▸ Work to be completed
Copy out every line of the records in which "Download" can be found.
───── The data ─────
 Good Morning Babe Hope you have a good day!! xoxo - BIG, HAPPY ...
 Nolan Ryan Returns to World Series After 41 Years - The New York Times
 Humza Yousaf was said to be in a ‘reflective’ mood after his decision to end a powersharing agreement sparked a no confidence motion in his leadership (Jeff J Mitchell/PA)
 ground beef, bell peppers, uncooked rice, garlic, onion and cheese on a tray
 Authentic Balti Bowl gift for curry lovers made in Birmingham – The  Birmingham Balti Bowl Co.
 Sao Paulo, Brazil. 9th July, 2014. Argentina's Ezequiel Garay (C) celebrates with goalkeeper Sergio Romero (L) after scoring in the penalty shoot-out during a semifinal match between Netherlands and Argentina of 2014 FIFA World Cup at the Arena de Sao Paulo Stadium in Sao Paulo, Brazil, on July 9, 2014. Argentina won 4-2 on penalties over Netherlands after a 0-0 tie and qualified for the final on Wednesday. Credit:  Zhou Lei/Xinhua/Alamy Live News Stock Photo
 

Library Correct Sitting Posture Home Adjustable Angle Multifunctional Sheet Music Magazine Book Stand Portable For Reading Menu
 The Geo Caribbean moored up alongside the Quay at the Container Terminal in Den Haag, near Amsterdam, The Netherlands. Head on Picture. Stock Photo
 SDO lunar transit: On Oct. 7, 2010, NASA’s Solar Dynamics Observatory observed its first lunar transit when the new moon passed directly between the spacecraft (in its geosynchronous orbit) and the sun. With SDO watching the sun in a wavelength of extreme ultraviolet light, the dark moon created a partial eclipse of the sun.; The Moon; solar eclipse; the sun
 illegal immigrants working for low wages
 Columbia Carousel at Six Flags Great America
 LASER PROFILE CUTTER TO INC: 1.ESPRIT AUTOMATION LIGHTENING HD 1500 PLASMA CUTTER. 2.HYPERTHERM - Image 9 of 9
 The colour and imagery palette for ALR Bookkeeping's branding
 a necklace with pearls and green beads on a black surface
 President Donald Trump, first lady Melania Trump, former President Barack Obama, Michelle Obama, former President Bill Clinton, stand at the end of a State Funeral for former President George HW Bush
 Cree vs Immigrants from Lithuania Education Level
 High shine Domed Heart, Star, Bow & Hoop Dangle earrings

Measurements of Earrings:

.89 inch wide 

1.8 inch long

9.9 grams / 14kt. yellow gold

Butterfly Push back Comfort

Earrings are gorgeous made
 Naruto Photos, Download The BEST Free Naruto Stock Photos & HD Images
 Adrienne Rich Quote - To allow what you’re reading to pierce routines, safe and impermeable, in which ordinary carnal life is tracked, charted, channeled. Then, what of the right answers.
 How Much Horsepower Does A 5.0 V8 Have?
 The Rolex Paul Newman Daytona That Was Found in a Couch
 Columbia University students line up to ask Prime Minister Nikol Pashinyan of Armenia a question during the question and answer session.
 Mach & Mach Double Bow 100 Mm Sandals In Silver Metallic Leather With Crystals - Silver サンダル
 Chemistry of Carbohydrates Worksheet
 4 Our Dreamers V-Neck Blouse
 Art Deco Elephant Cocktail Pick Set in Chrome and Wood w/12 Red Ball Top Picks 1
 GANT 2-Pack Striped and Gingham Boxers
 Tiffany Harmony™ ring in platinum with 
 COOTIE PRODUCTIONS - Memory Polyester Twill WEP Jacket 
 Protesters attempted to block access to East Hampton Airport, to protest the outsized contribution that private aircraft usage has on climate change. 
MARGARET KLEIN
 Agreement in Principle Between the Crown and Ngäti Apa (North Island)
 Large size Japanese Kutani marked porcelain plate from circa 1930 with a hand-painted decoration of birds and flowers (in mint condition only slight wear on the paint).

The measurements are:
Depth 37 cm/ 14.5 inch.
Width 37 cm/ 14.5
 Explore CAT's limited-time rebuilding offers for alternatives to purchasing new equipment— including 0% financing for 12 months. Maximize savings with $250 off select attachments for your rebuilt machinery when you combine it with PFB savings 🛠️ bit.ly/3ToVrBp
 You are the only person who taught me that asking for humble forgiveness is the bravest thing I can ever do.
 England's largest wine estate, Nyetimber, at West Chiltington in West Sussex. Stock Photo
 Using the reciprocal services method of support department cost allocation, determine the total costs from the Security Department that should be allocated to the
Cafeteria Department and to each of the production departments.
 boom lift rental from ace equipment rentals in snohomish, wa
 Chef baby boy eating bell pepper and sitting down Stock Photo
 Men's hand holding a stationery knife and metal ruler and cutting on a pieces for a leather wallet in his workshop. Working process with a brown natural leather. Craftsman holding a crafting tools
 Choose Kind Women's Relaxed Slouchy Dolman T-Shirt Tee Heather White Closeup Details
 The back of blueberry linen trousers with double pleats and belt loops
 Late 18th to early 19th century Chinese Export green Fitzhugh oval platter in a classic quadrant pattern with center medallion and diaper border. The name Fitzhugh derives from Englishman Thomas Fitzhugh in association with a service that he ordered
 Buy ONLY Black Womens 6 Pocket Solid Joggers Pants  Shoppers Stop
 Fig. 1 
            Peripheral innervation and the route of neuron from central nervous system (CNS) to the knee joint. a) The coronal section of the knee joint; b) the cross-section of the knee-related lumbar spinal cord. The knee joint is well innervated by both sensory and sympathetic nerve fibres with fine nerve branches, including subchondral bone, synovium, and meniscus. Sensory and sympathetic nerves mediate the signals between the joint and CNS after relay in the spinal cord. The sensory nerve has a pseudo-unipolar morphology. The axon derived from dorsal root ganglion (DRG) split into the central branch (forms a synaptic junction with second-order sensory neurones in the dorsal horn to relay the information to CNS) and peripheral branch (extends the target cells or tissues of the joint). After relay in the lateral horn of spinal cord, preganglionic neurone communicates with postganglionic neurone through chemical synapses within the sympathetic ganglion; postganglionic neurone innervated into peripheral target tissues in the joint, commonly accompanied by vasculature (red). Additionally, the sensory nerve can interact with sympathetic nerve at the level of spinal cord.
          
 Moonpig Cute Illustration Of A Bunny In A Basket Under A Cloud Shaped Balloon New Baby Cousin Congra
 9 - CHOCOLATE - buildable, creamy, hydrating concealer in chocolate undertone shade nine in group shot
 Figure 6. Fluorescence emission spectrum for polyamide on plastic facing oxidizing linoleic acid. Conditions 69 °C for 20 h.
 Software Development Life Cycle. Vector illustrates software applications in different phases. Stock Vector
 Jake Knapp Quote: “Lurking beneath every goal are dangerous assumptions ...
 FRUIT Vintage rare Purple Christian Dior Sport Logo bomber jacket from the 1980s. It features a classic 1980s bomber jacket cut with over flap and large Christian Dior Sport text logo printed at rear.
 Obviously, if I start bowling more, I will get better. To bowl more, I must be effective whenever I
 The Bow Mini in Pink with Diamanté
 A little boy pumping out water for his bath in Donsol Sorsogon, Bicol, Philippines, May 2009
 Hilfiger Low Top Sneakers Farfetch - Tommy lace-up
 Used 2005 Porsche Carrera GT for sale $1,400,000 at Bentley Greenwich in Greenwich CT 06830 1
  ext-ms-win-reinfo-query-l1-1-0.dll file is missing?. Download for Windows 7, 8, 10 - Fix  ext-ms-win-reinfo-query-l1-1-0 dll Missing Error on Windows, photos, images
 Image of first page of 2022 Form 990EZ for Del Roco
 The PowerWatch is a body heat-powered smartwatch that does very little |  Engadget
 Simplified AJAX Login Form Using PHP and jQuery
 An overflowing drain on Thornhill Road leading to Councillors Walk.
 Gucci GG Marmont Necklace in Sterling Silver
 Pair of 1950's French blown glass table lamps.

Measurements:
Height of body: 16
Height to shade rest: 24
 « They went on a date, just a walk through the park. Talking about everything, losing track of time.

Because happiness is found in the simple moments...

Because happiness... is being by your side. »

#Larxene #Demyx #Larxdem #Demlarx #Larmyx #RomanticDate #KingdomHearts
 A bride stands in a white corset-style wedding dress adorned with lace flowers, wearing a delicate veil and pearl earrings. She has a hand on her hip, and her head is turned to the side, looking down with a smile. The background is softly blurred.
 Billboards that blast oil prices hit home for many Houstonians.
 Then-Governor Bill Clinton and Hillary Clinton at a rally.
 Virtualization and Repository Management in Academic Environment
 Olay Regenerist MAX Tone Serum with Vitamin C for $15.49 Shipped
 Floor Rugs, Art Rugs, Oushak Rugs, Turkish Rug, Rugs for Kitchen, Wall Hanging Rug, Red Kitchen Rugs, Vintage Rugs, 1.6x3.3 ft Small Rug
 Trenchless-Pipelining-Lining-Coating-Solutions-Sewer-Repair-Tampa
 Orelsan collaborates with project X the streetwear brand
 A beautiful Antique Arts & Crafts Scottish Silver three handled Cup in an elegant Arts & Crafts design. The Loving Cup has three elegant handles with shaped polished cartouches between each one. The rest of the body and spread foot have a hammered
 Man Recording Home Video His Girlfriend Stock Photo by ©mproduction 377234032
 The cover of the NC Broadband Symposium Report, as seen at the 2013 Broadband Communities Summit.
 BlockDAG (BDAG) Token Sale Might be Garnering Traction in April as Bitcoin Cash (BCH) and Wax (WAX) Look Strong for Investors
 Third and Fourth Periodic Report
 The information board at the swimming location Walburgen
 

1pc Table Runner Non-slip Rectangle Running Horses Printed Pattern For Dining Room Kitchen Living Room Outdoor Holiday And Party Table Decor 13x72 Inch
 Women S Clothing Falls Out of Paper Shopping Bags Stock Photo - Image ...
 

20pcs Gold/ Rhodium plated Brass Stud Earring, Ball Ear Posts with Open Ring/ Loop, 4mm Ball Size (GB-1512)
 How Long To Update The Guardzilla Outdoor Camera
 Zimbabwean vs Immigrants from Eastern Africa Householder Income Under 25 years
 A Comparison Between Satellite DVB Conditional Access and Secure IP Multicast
─────
▸ Answer area
 Naruto Photos, Download The BEST Free Naruto Stock Photos & HD Images
  ext-ms-win-reinfo-query-l1-1-0.dll file is missing?. Download for Windows 7, 8, 10 - Fix  ext-ms-win-reinfo-query-l1-1-0 dll Missing Error on Windows, photos, images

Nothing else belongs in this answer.